Examples of mitigating actions

  • Strategic relationships with suppliers and trading companies
  • Multiple-source supply agreements for key ingredient supplies
  • Balanced portfolio of supply and tolling contracts in operation with customers to manage balance of raw material prices and product sales prices and volume risks
  • Raw material and energy purchasing policies to provide security of supply
  • Derivatives used where possible to hedge exposure to movements in future prices of commodities

Failure to protect intellectual property

Our commercial success depends, in part, on obtaining and maintaining patent protection on certain products and technology. We must successfully defend patents against third-party challenges or infringements.

Examples of mitigating actions

  • Group legal department, supported by expert patent lawyers, monitors all patents
  • Group Intellectual Property (IP) committee in place, chaired by the President of Innovation and Commercial Development, to oversee the Group’s IP management
  • Organised and secure process for identifying and recording innovations, trade secrets and potential patentable ideas.

Competitors may achieve significant advantage through technological step change or higher service levels

Competitors could introduce a major technological step change, such as significantly improving the efficiency of a production process and lowering costs (and thereby commoditising products); or introduce a new product with better functionality which in turn could lead to a decline in our sales and/or profitability. We must ensure we exceed or at least match competitors’ service and quality performance.

Examples of mitigating actions

  • Innovation and Commercial Development team to produce innovations in product development, applications, manufacturing technology and customer services
  • Global key account managers in place for major customers
  • Improved customer relationship management capabilities as part of the programme to implement a common global IS/IT platform and global support services.

Failure to implement the Group’s programme to transform its operational capabilities

The Group has committed to a programme to transform its operational capabilities, primarily by implementing a common global IS/IT platform and global support services. If this programme is not implemented as planned, this would have an adverse impact on the Group’s ability to achieve its strategy.

Examples of mitigating actions

  • Dedicated resources allocated to the project
  • Project scope set out in detailed legal contracts with external system integrator and other providers, with appropriate governance and remedy mechanisms
  • Detailed project implementation plan subject to both internal and external audit and review
  • Formal steering committee (executive management) and Board/Audit Committee review of project progress against agreed milestones and timelines.
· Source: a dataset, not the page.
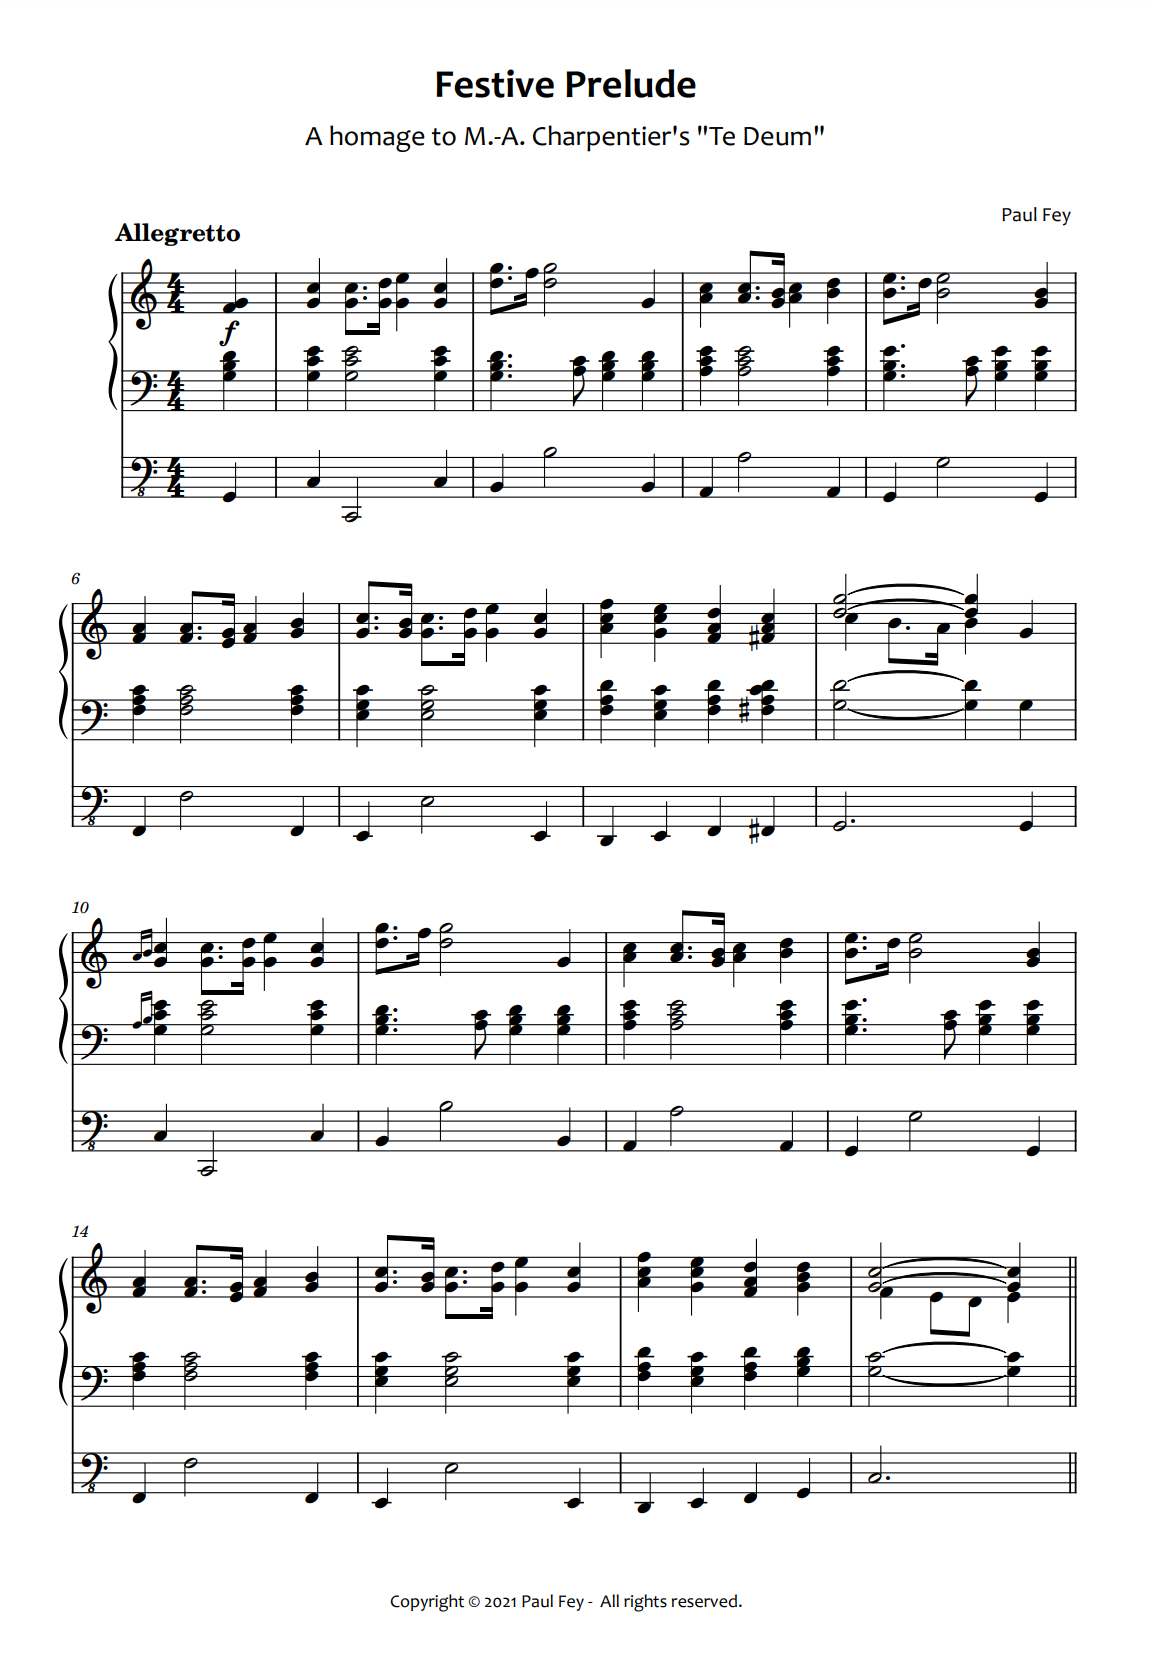 Festive Prelude in C-Major (Sheet Music) - Pipe Organ Music by Paul Fey

Failure to counter negative perceptions of the Group’s products

We must be fully prepared to counter unexpected/ unfounded negative publicity about our products.

Examples of mitigating actions

  • Innovation and Commercial Development and regulatory teams substantiate relevant product claims
  • Media relations department monitors Group press coverage and has action plans to deal with any negative publicity.
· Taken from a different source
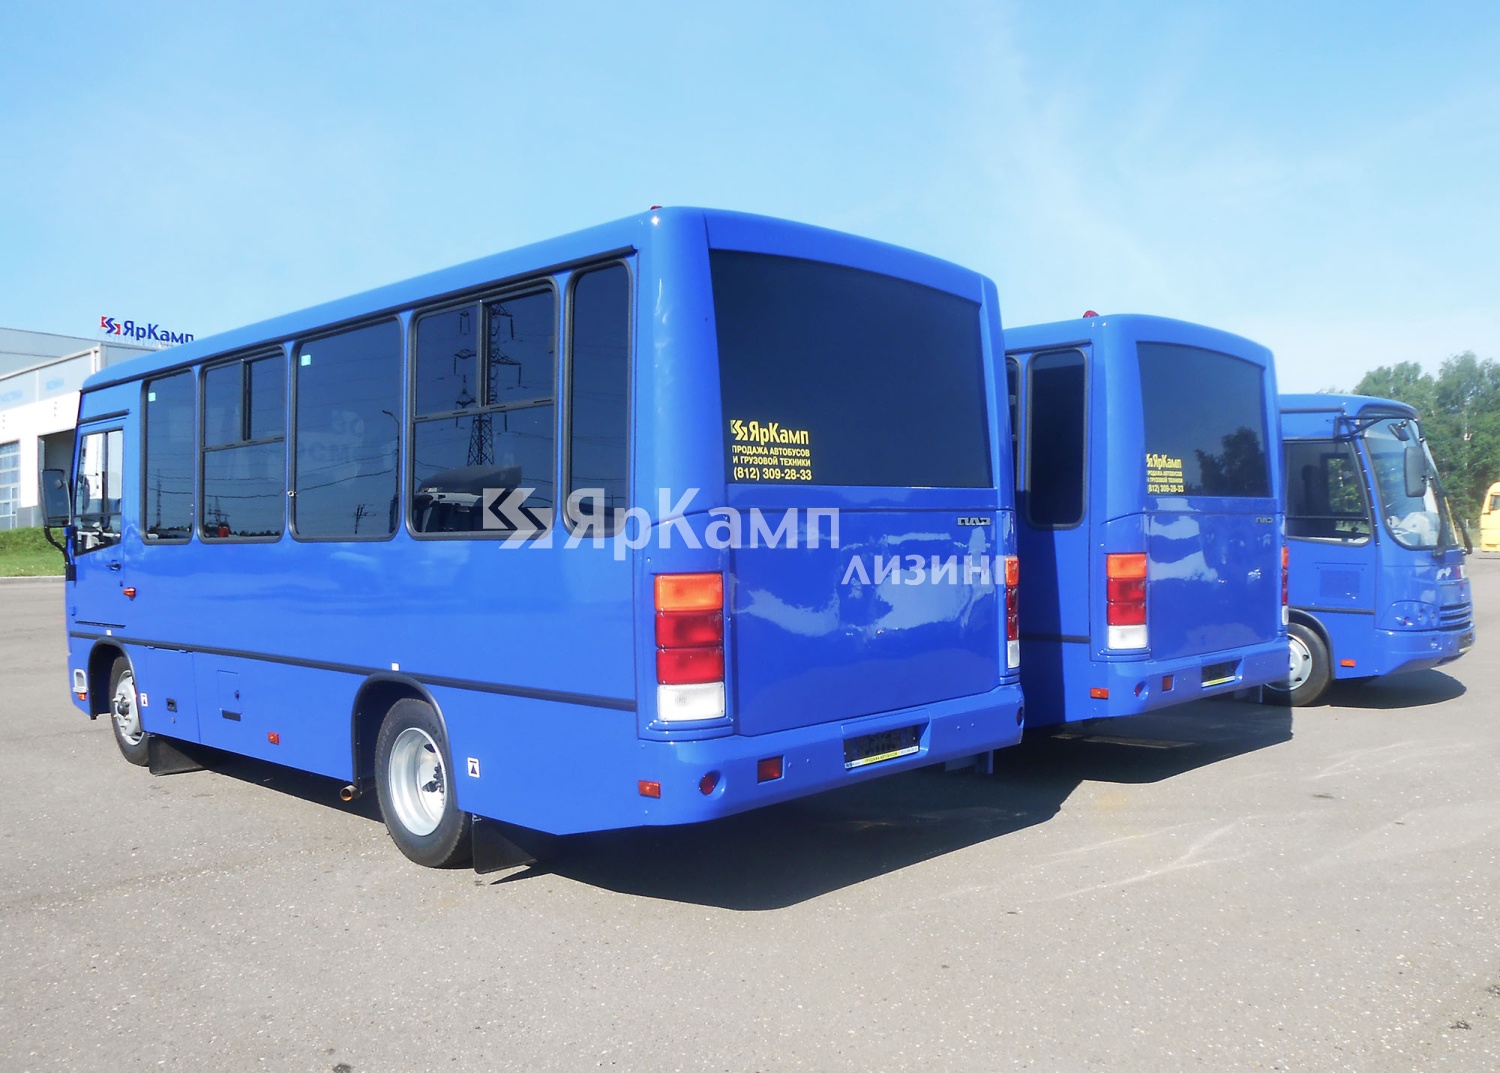 "ЯрКамп-Лизинг" произвел передачу на условиях лизинга автобусов ПАЗ 320302-08

Failure to identify important consumer trends and innovate could impact the business’s ability to grow

Falling behind the curve on emerging dietary trends and/or an inability to innovate could impact the delivery of the Group’s strategy. This would impact its performance and reputation.

Examples of mitigating actions

  • Innovation and Commercial Development team works closely with customers and advisors to identify emerging trends
  • Consumer-facing research to ensure we are aware of consumers’ needs and expectations
  • Global key account managers in place for major customers
  • New Commercial and Food Innovation Centre in Chicago, USA will enable scientists, marketing, sales and technical experts to collaborate more closely with customers
  • Recruitment and training policies in place to strengthen and upgrade staff skill sets.

Failure to manage capital expenditure and working capital, and deliver key projects

We must manage our finances within strictly controlled parameters, particularly when external financial conditions are uncertain and highly changeable. The change programme currently being undertaken by the Group consists of a number of projects which, if not delivered successfully, could impact the Group’s performance and reputation.

Examples of mitigating actions

  • Significant projects approved and monitored by the Board
  • Debt and working capital levels monitored constantly and reported monthly to the Board
  • Capital expenditure procedures to control and monitor allocation and spend
  • Major or key projects have dedicated teams
  • External resources and expertise used where required or as appropriate.

Failure to maintain an effective system of internal financial controls

Without effective internal financial controls, we could be exposed to financial irregularities and losses from acts which could have a significant impact on the ability of the business to operate. We must safeguard business assets and ensure accuracy and reliability of records and financial reporting.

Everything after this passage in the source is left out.